2.5.13

What will Cotai be 50 years from now?

IAN Fleming was already famous when he was invited by the Sunday Times to visit  “the most exciting cities in the world” and write about his travel impressions. The creator of James Bond took two trips between 1959 and 1960 and visited 13 cities. Macau was one of the chosen and the articles originally written for the London paper made it into a book titled “Thrilling Cities”, first published in 1963.
Fleming’s work has recently been republished in an edition that, besides Hong Kong and Macau, includes his remarks on Tokyo, Honolulu, Los Angeles, Las Vegas, Chicago, New York, Hamburg, Vienna, Geneva, Naples (including nearby Capri island) and Monte Carlo.  The new edition by Thomas & Mercer (specializing in “mystery books” and owned by Amazon) is not a mere reprint and, according to information included in the book’s introduction, “restores the original observations, maps, and language used at that time”.
The new edition is a good excuse to learn more about mid-20 century Macau. Reading Fleming one can envisage how the city changed up to the point of becoming almost unrecognizable. During the pre- Stanley Ho times, Macau’s premier nightspot was the still standing Central Hotel, which Fleming dubs “the largest house of gambling and self indulgence in the world”. Built in 1928 to take the role previously occupied by Rua da Felicidade [Happiness Street] - “one great and continuous street of pleasure” - the hotel is marvelously described:
“The Central Hotel is not precisely a hotel. It is a nine- story skyscraper, by far the largest building in Macau, and it is devoted solely to the human vices. It has one more original feature. The higher up the building you go, the more beautiful and expensive are the girls, the higher the stakes at the gambling-tables, and the better the music. Thus on the ground floor the honest coolie can choose a girl of his own class and gamble for pennies by lowering his bet on a fishing rod contraption through a hole in the floor on to the gaming-tables below. Those with longer pocket can progress upwards through various heavens until they reach the earthly paradise on the sixth floor. Above this are the bedrooms.”
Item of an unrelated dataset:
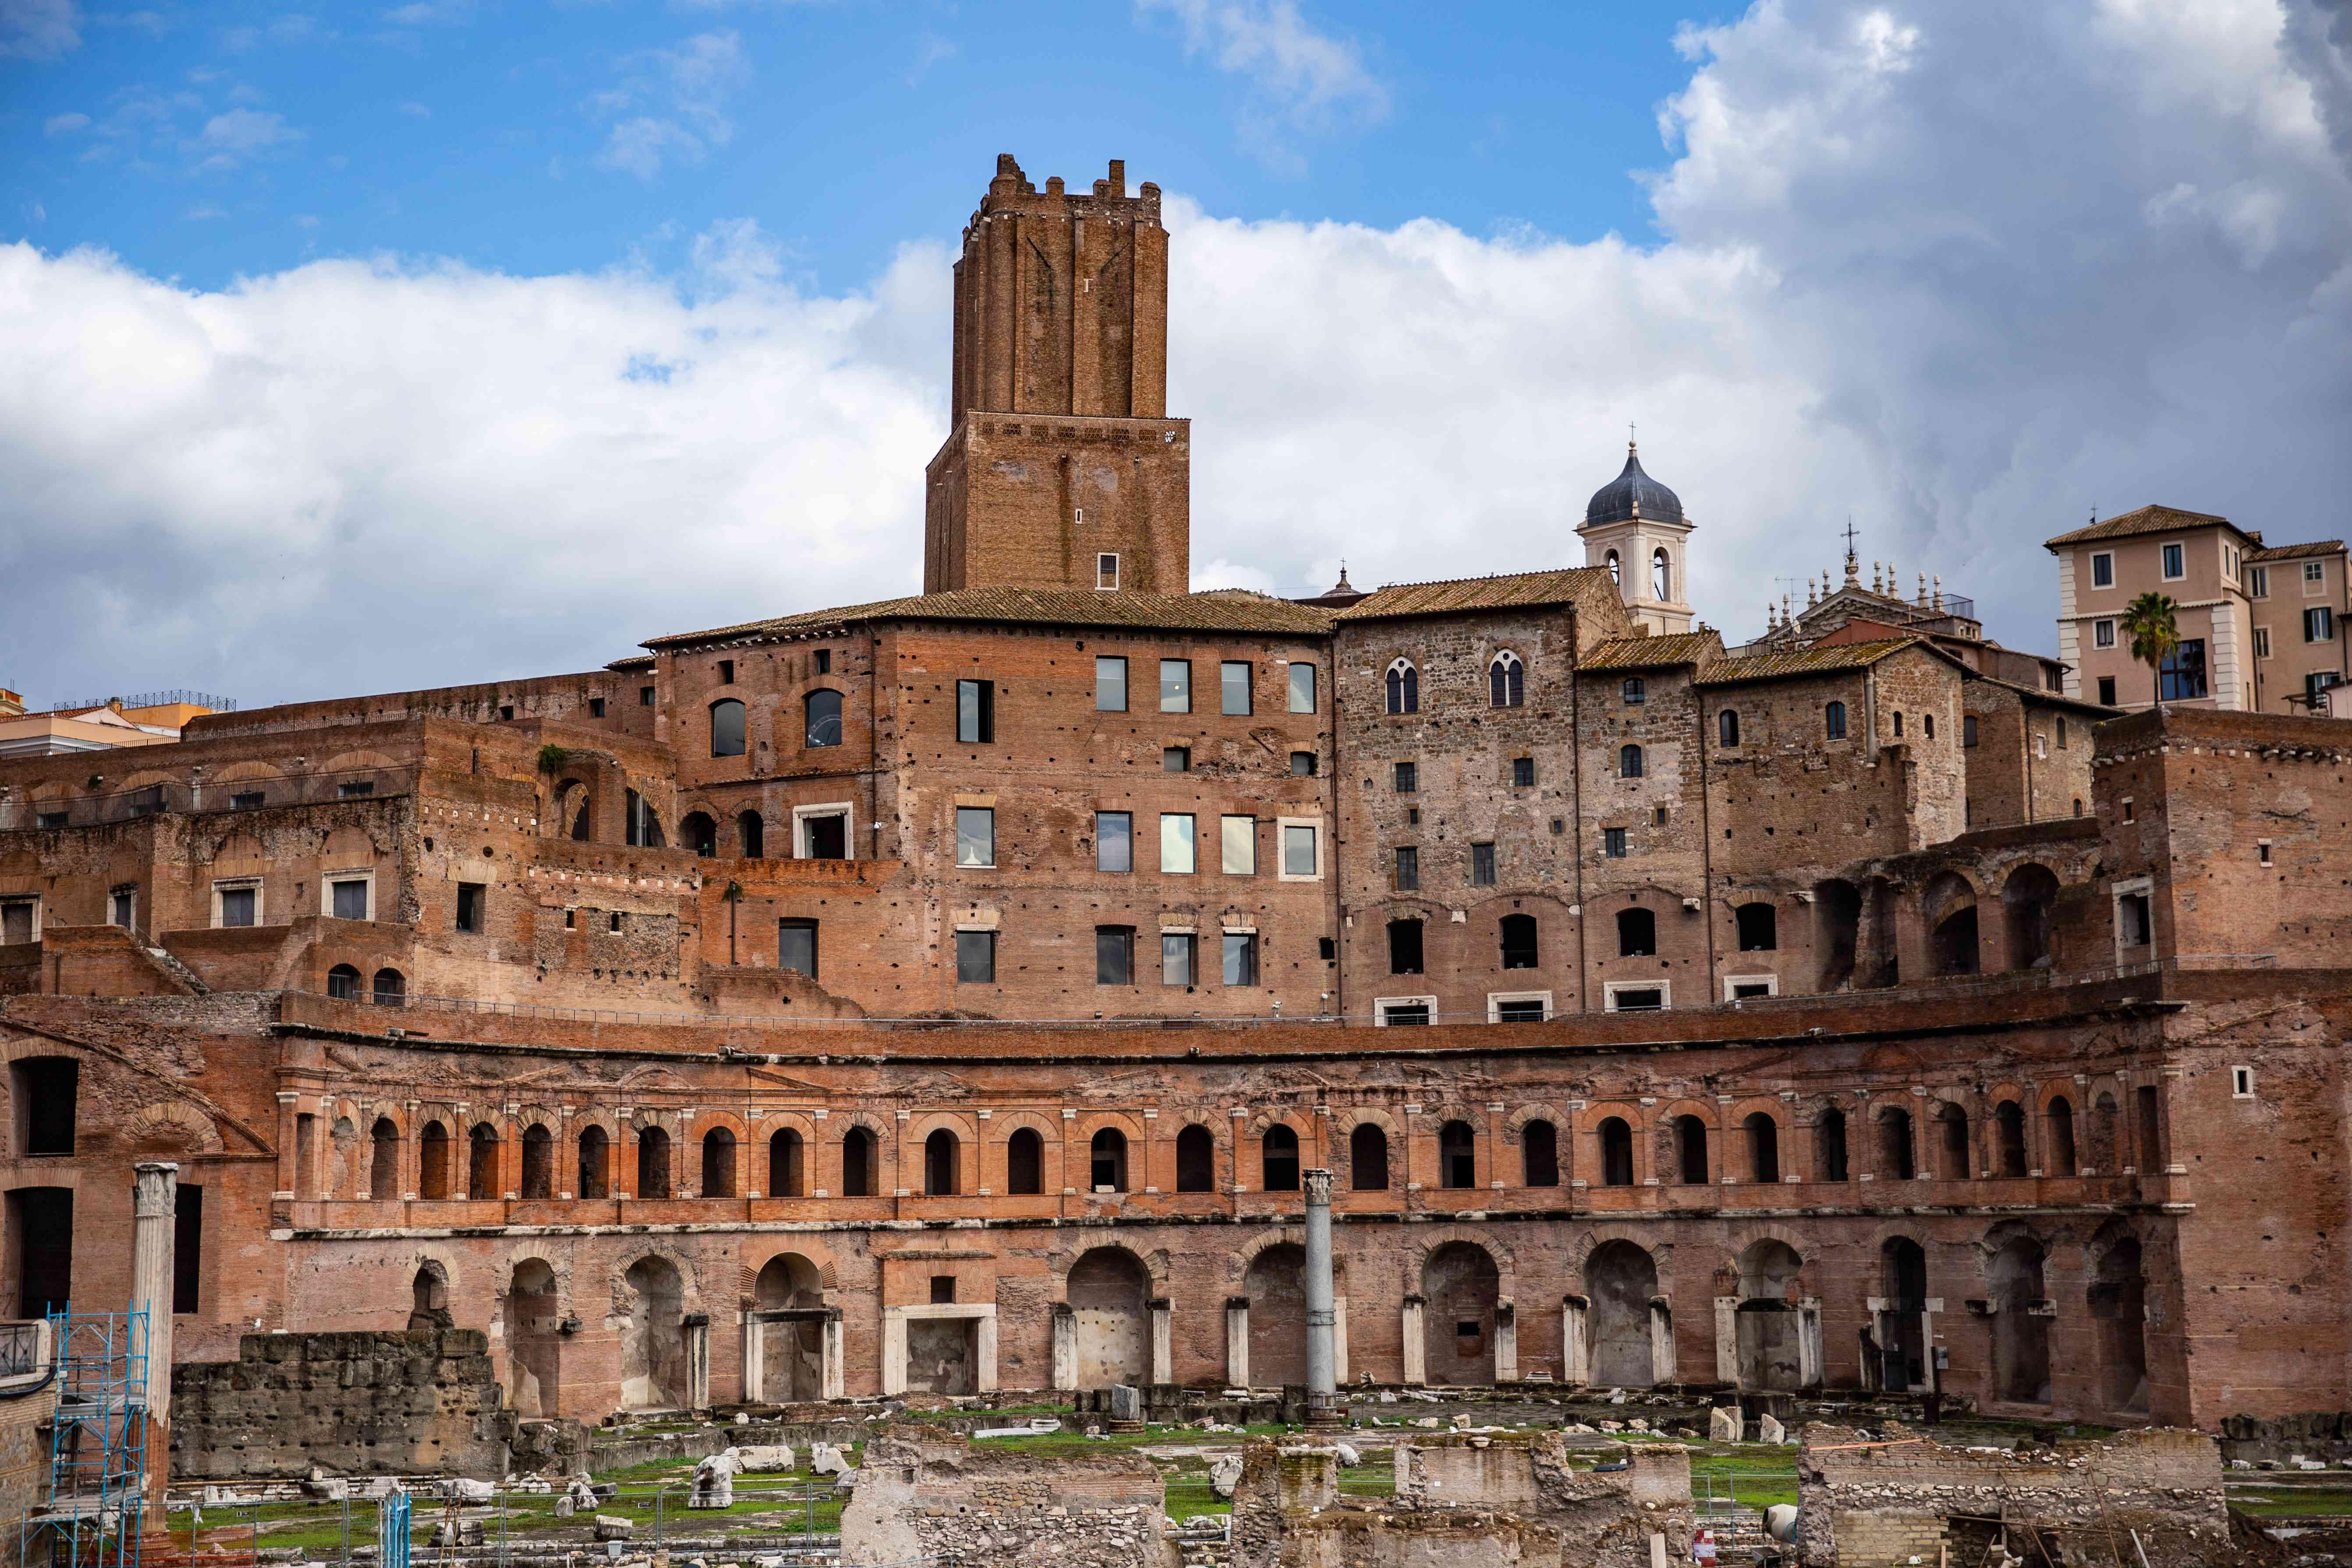 Trajan's Market & Forum in Rome

The green hotel still functions in Avenida de Almeida Ribeiro (known as San Ma Lou) but has lost all its charm and has become a seedy two-star lodging. As it had previously replaced the picturesque Happiness Street, it too was replaced by Stanley Ho’s Casino Lisboa. This was a sign of a new era in Macau (the gaming monopoly that lasted until 2003) and a landmark building that caused awe amongst Chinese visitors. But Lisboa has now been overshadowed by modern casinos and the Cotai (by then just a man-made isthmus connecting Taipa to Coloane) development built upon reclaimed land, a project far from imagined at the time. As the poets sing, all things change, nothing stays the same… And a question arises in my mind: What will replace Cotai fifty years from now?
Also curious in Fleming’s remarks about Macau are his attempts to find “a genuine Bond villain” here. He picked the “mysterious” Dr Pedro Lobo, an influential Macanese businessman and Leal Senado president at the time.  “Not only did Macau have no income tax or exchange controls, it was not subject to the Bretton Woods agreement which artificially fixed the gold price at an unsustainable $35 an ounce. The Doctor was said to have ingeniously exploited that loophole, buying gold at the official price and legally re-selling it at a higher unofficial market price to anyone who cared to visit Macau. Where they took it afterwards was their business.”
But Lobo didn’t turn out to be the villain Fleming expected to meet, although he wasn’t reassured by the Catholic religious art in his mansion.  The “powerfully built butler, who looked more like a judo black-belt than a butler” was another cause for concern, despite offering Johnny Walker. But Lobo, an amateur composer, was “charming, and, on request, played some of his compositions on a gramophone”. They ended up talking of gold, triads, and opium: “It is a terrible thing, Mr Fleming. These people give all their money for opium. Soon they lose their interest in food… They become sexless, neuter, and waste away. It would be much better if they drank beer, even too much beer, as I believe is sometimes the case in your own country. But what do you think of my coffee? This is my own coffee from my estate in Timor, ” Lobo wanted to know.